Despite the above limitations, the study provides key insights for sexual health programming among HIV-positive adolescents in and out of clinical care. The interventions identified are available in real-life settings and have statistically and practically significant associations with reduced unprotected sex, particularly when accessed in combination. Increasing access to these social protection provisions among HIV-positive adolescents has the potential to support HIV-positive adolescents to reduce unprotected sex, and its related outcomes of unwanted pregnancies and onwards HIV-transmission.

Acknowledgments

This study would not be possible without the experiences shared by over 1500 adolescents, their caregivers and healthcare providers, to whom we are immensely grateful. A joint University of Oxford-University of Cape Town team collaborated with UNICEF, the South African National Departments of Health, Basic Education and Social Development and Paediatric AIDS Treatment for Africa, and local CBOs: the Keiskamma Trust, the Raphael Centre, and Small Projects Foundation to design and conceptualize the study. Research was conducted by a dedicated research team, including: Julia Rosenfeld, Maya Isaacsohn, Marija Pantelic, Louis Pilard, Izidora Skracic, Nontuthuzelo Bungane, Janina Steinert, Rocio Herrero Romero, Craig Carty, Gerry Boon, Luntu Galo, Cheree Goldswain, Justus Hofmeyr, Sibongile Mandondo and Lulama Sidloyi. Rajen Govender, Nicoli Nattrass and Mpumi Zungu provided advice and mentorship. The study was conducted in collaboration with the Pediatric AIDS Management Programme of the Eastern Cape provincial Department of Health, and by 53 health facilities in the Buffalo City sub-district and Amathole district, Eastern Cape, South Africa.

Funding

The study was supported by the Nuffield Foundation under Grant CPF/41513, the International AIDS Society through the CIPHER grant (155-Hod), the Clarendon-Green Templeton College Scholarship (ET), the Janssen Global Health Educational Grant Programme, and the Evidence for HIV Prevention in Southern Africa, a DFID programme managed by Mott MacDonald (MM/EHPSA/UCT/05150014). Analyses and writing were supported by UNICEF—we thank Anurita Bains, Tom Fenn and Patricia Lim Ah Ken for input and discussion. Additional support for LC was provided by the European Research Council (ERC) under the European Union’s Seventh Framework Programme (FP7/2007–2013)/ERC grant agreement n°313421 and the Philip Leverhulme Trust (PLP-2014-095).

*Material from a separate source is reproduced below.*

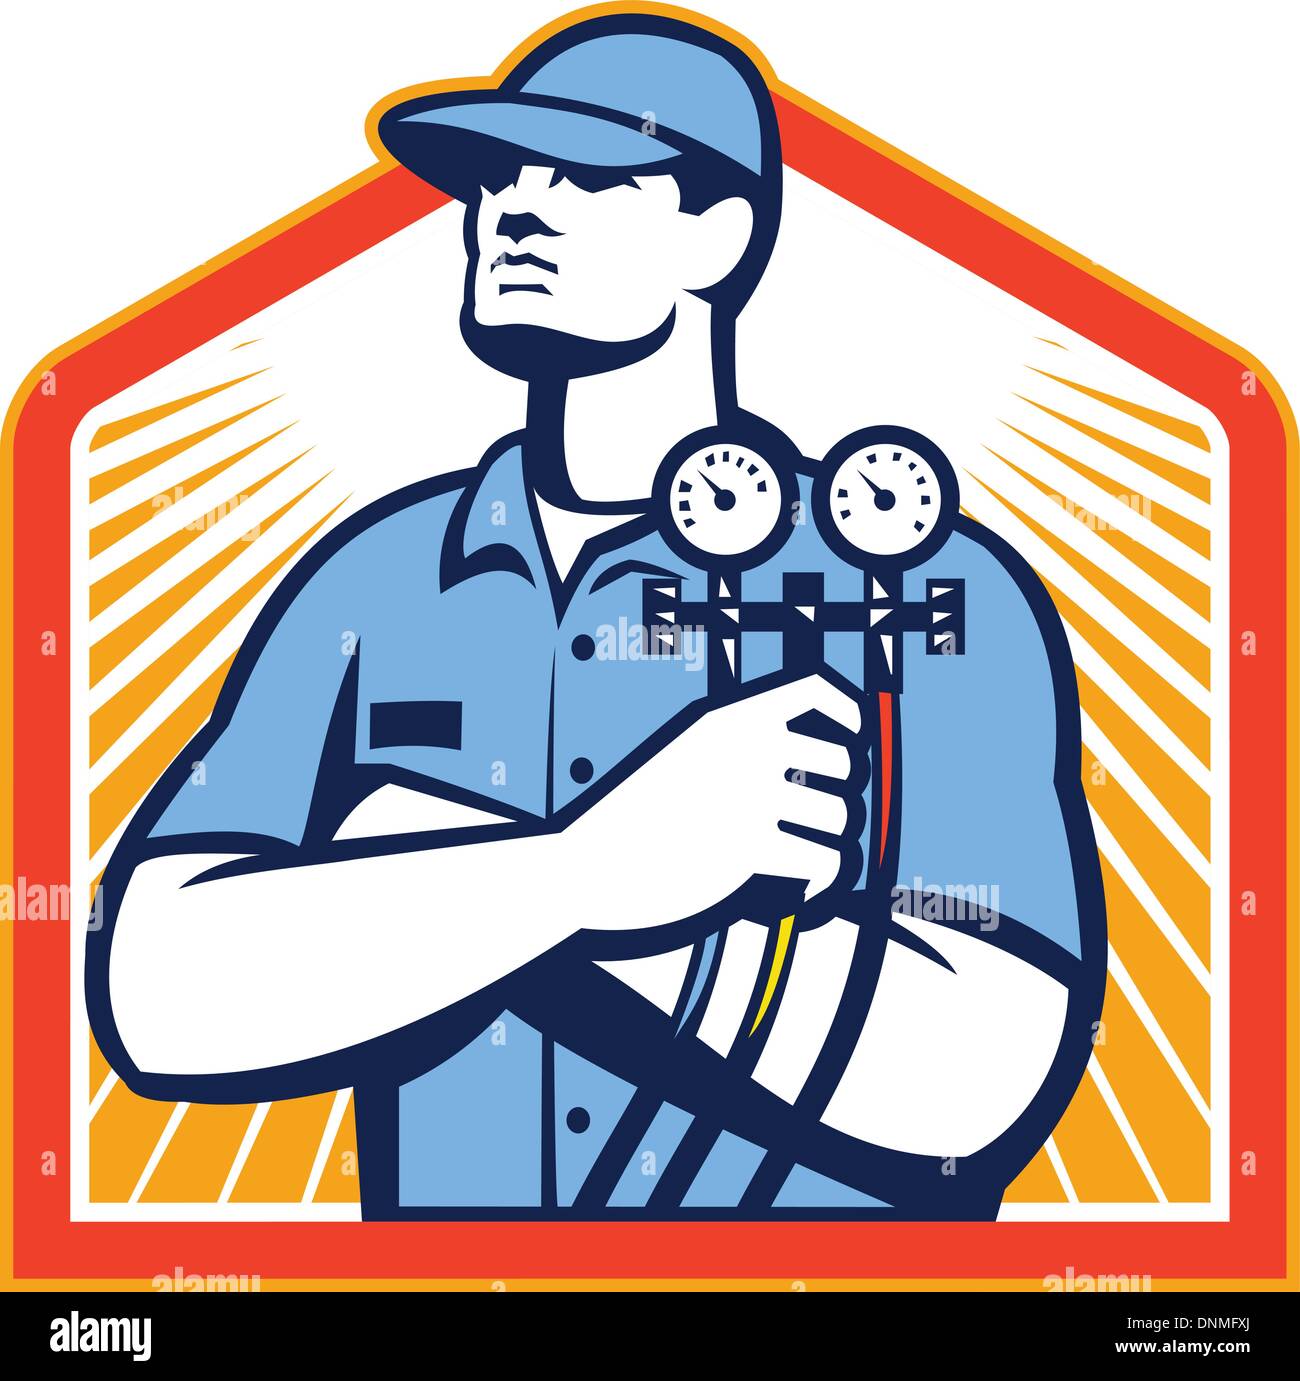 Illustration of a refrigeration and air conditioning mechanic holding a pressure temperature gauge front view set inside shield Stock Vector

Compliance with Ethical Standards

Conflicts of interest

Elona Toska declares that they have no conflict of interest. Lucie Cluver declares that they have no conflict of interest. Mark Boyes declares that they have no conflict of interest. Maya Isaacsohn declares that they have no conflict of interest. Rebecca Hodes declares that they have no conflict of interest. Lorraine Sherr declares that they have no conflict of interest.

Informed Consent

Informed consent was obtained from all individual participants included in the study.

Research Involving Human Participants

All procedures performed in studies involving human participants were in accordance with the ethical standards of the institutional and/or national research committee and with the 1964 Helsinki declaration and its later amendments or comparable ethical standards.

Footnotes

Selected classifications

1.002: Condom use; 1.003: Community interventions; 1.009: Prevention policy; 4.001: Adolescents; 5.010: Southern Africa; 1.010: Risk behavior measurement; 1.011: Risk correlates and predictors.